- **What to do**
Print each line exactly, from the one with "Sierra International 18-21752-1" to the very last line of the listing, and keep the pictures out.
── Source material
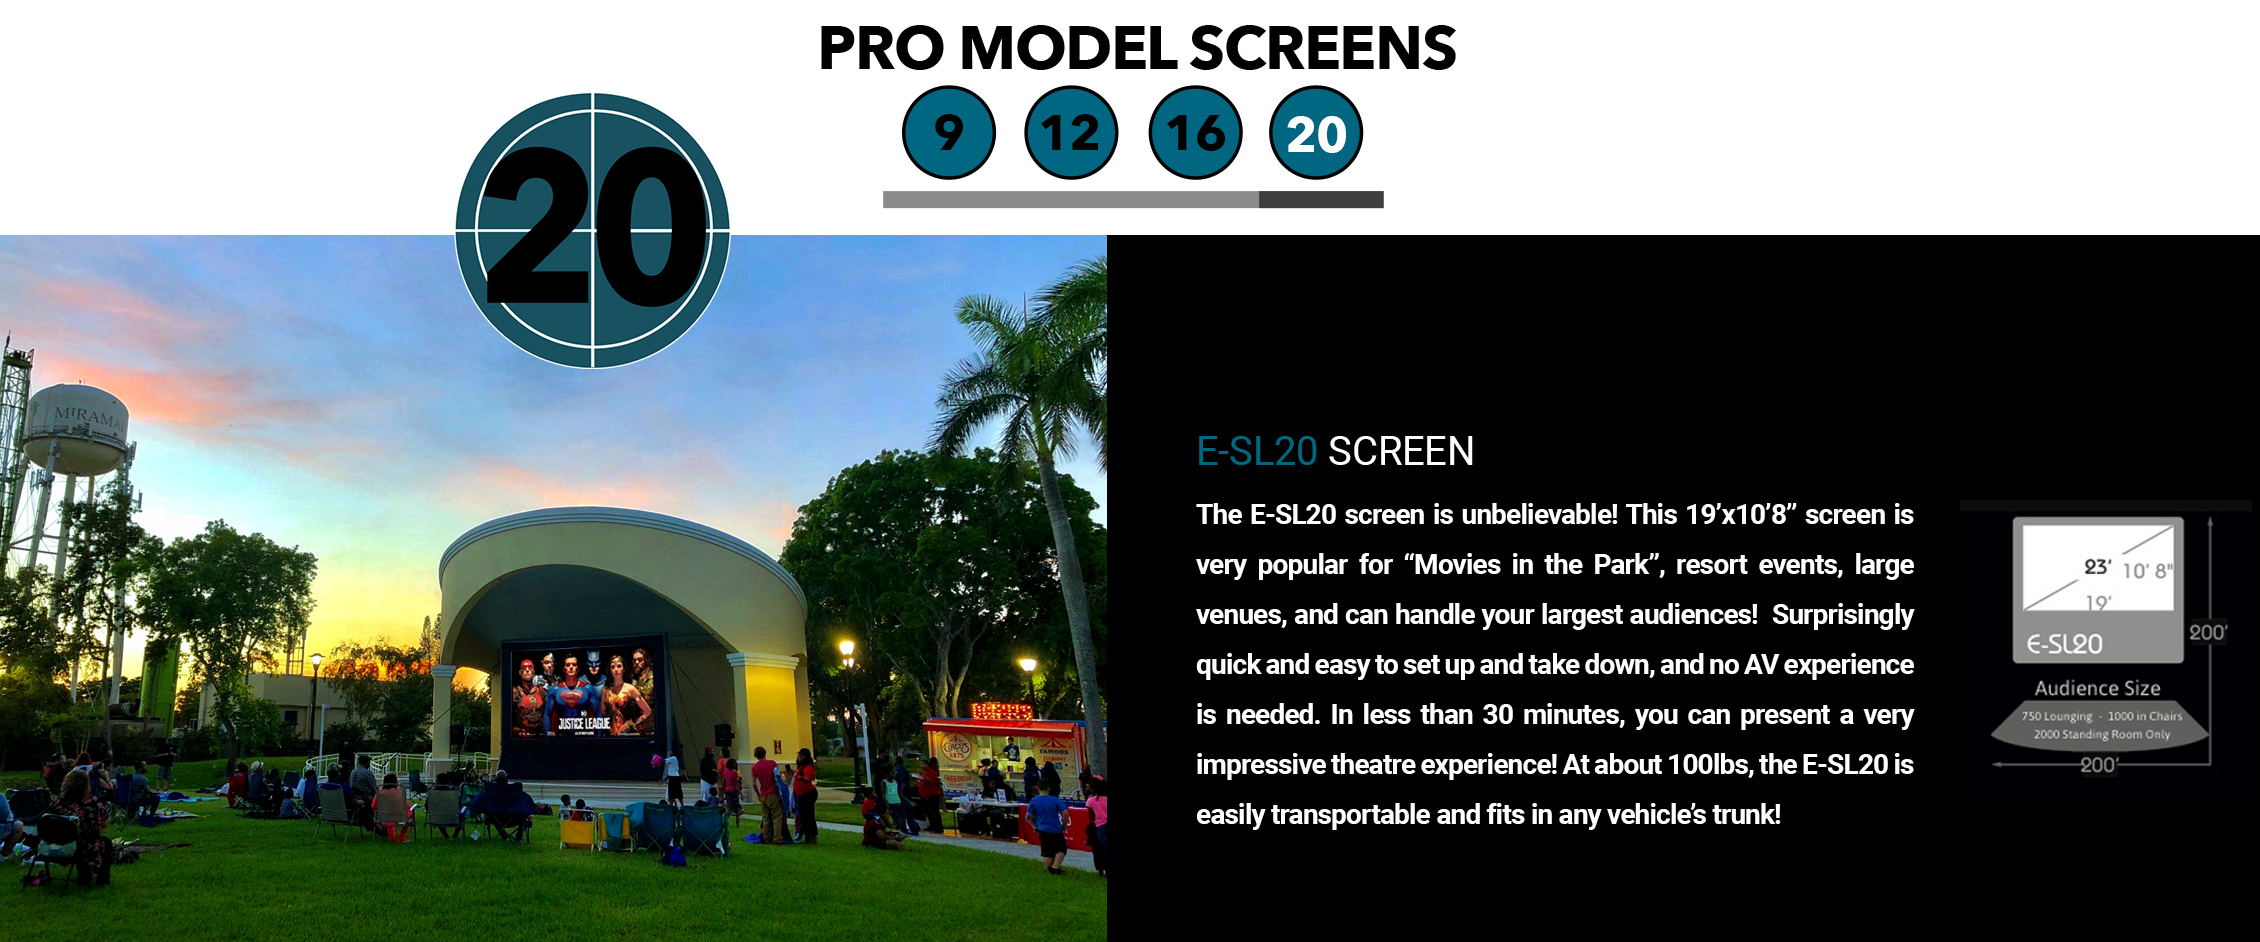 PRO MODEL SCREENS 9.jpg
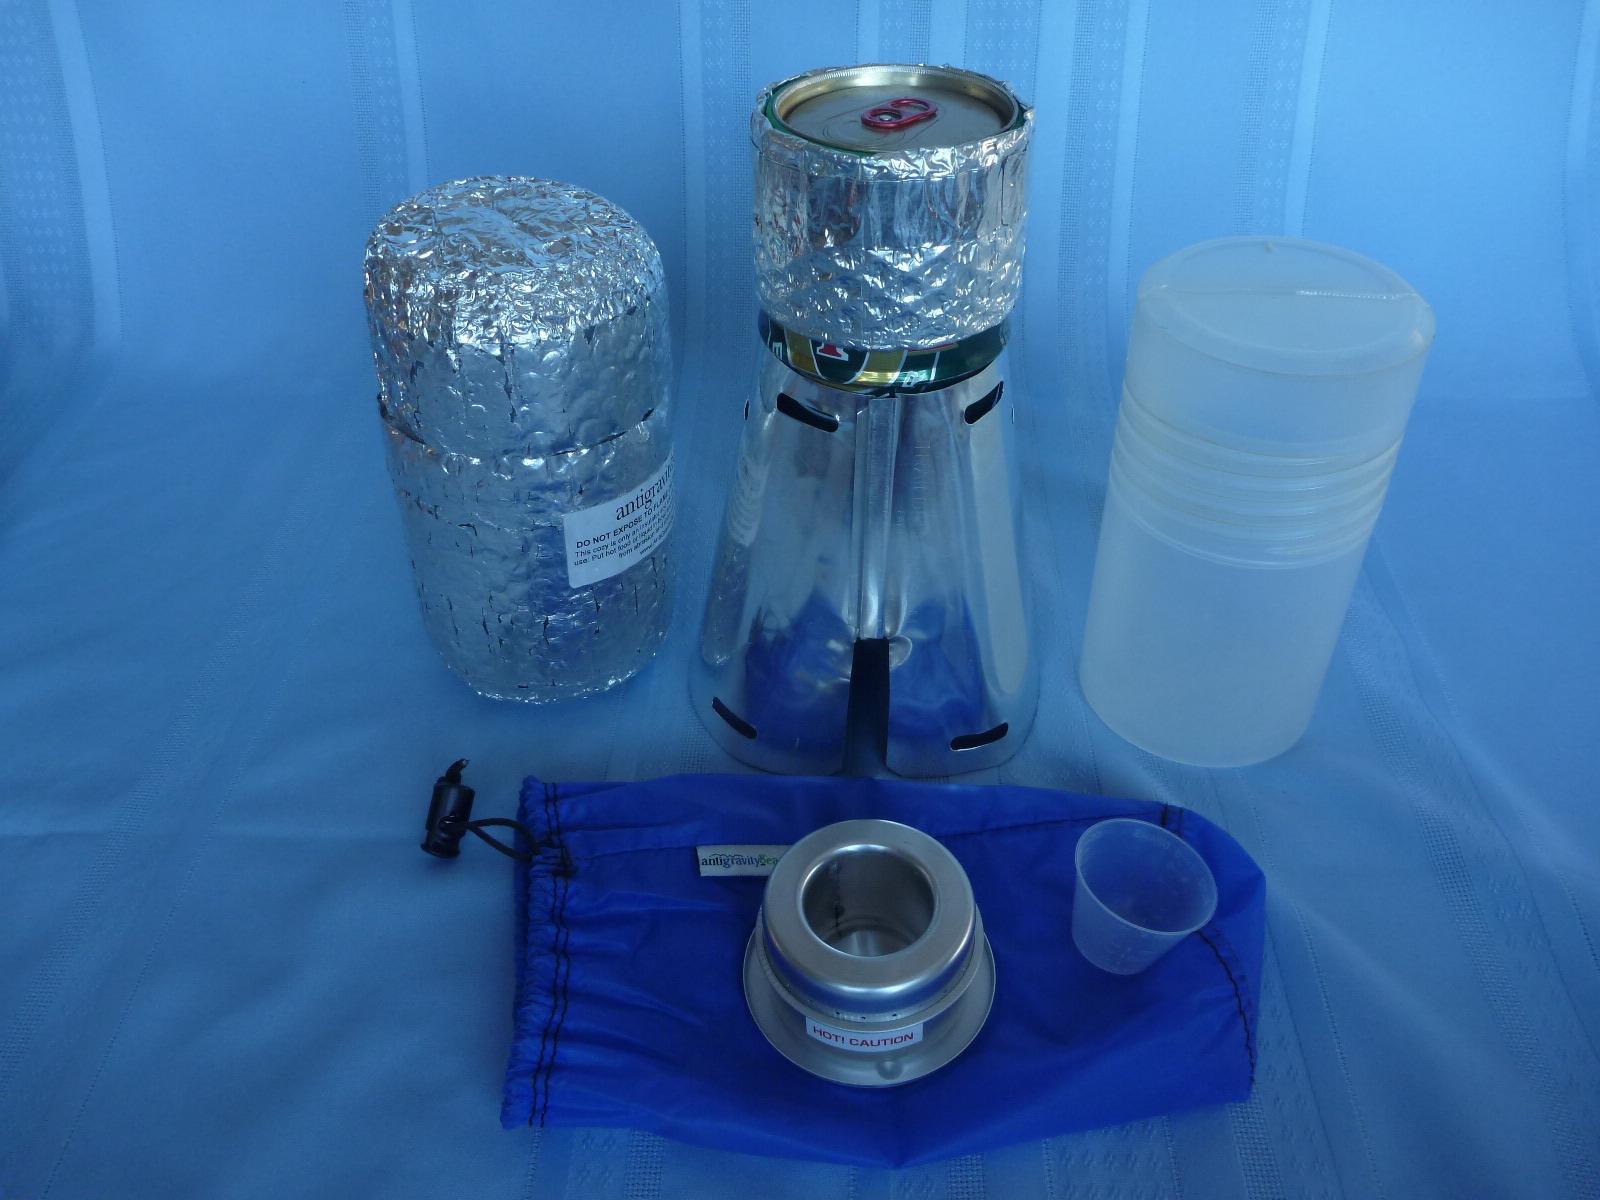 Fs Antigravitygear Ul Cooking System Similar To Trail Designs Caldera Keg F Backpacking Light
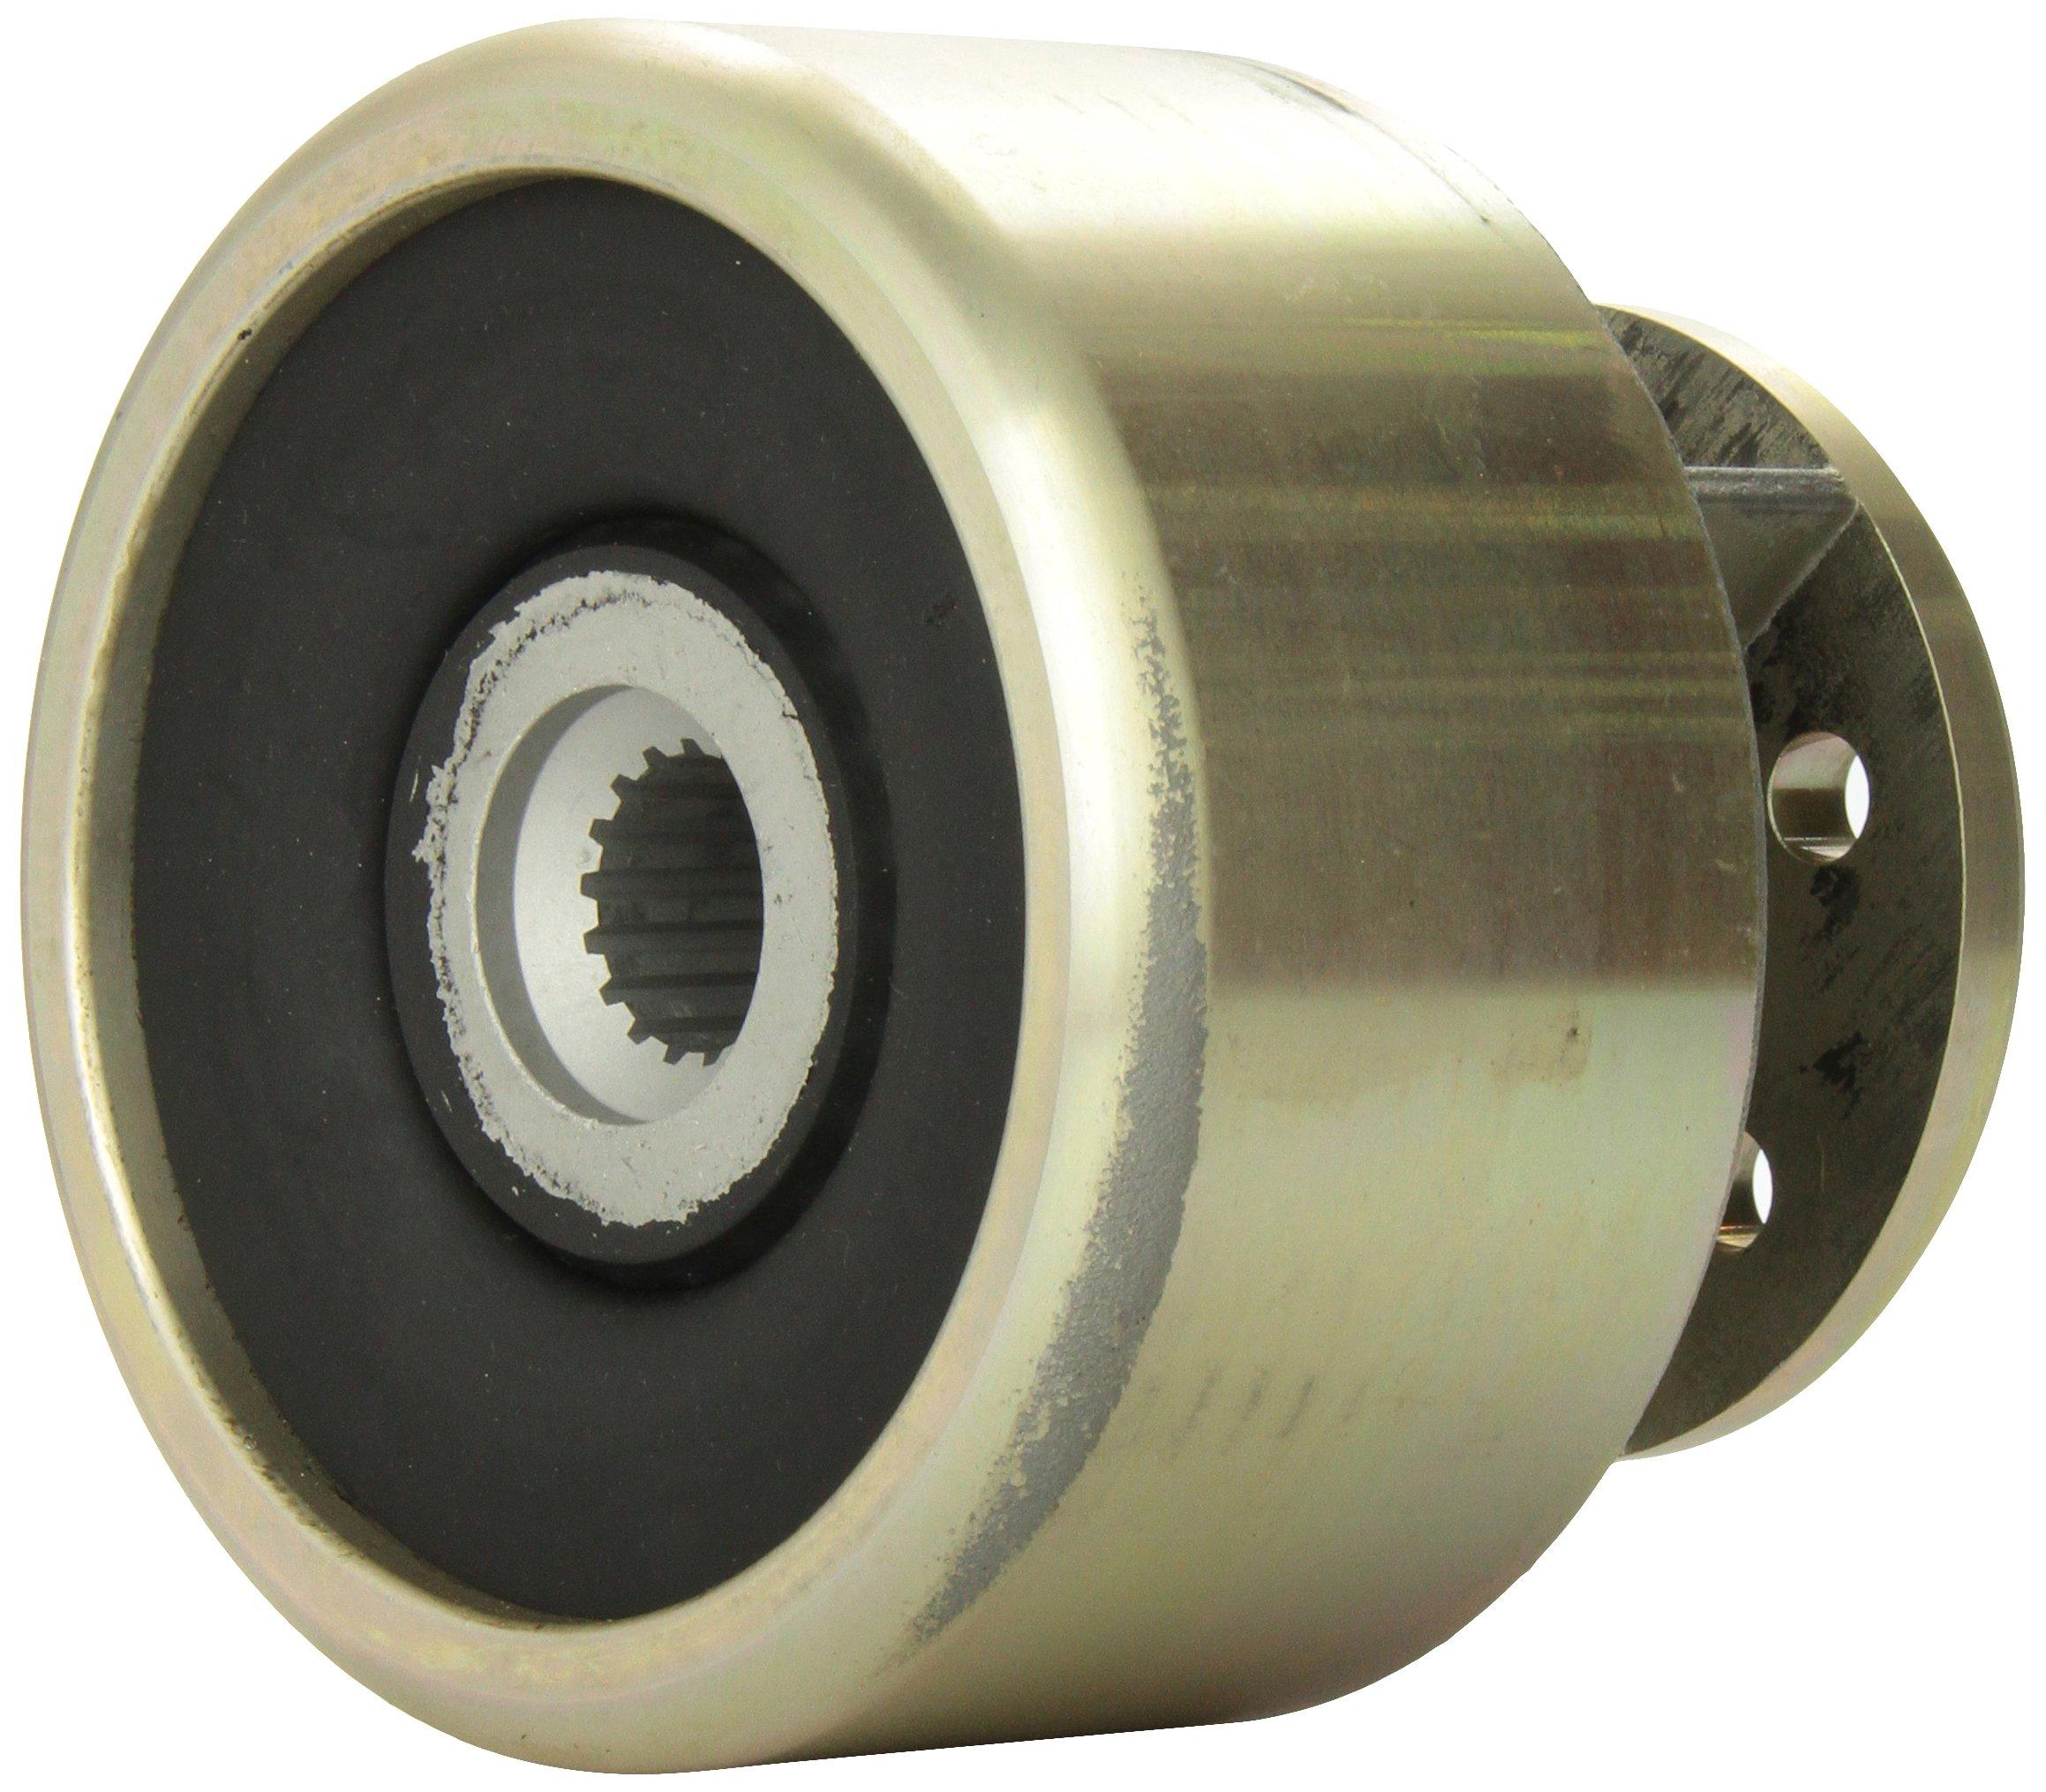 Sierra International 18-21752-1 Marine Engine Coupler
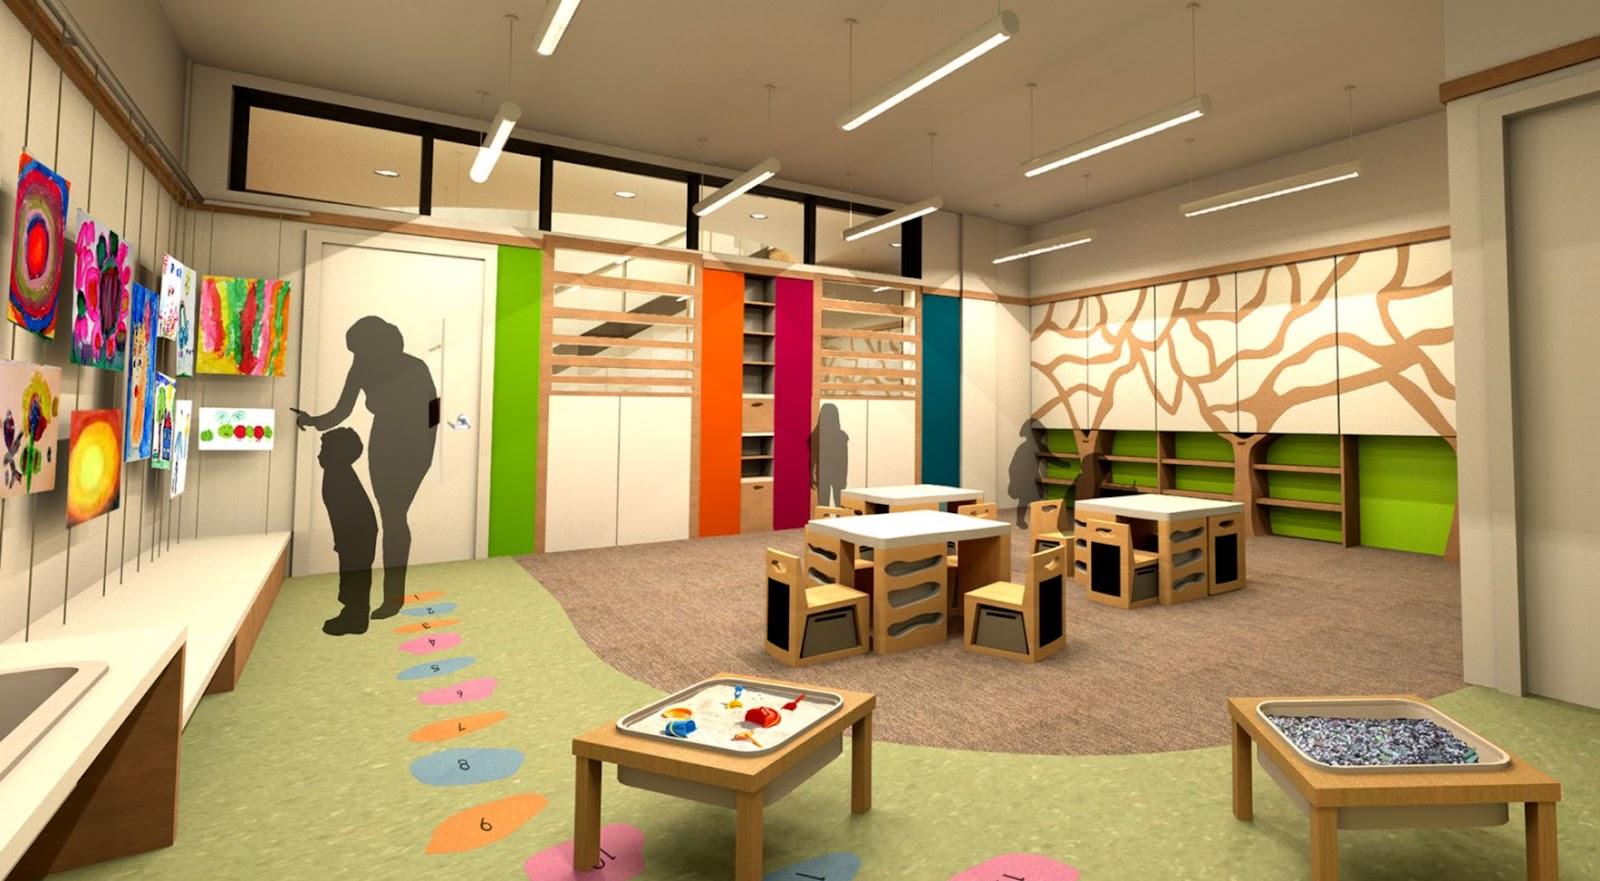 Interior design schools houston best home decorating ideas - Interior design schools in houston ...
────
- **Answer box**
 Sierra International 18-21752-1 Marine Engine Coupler
 Interior design schools houston best home decorating ideas - Interior design schools in houston ...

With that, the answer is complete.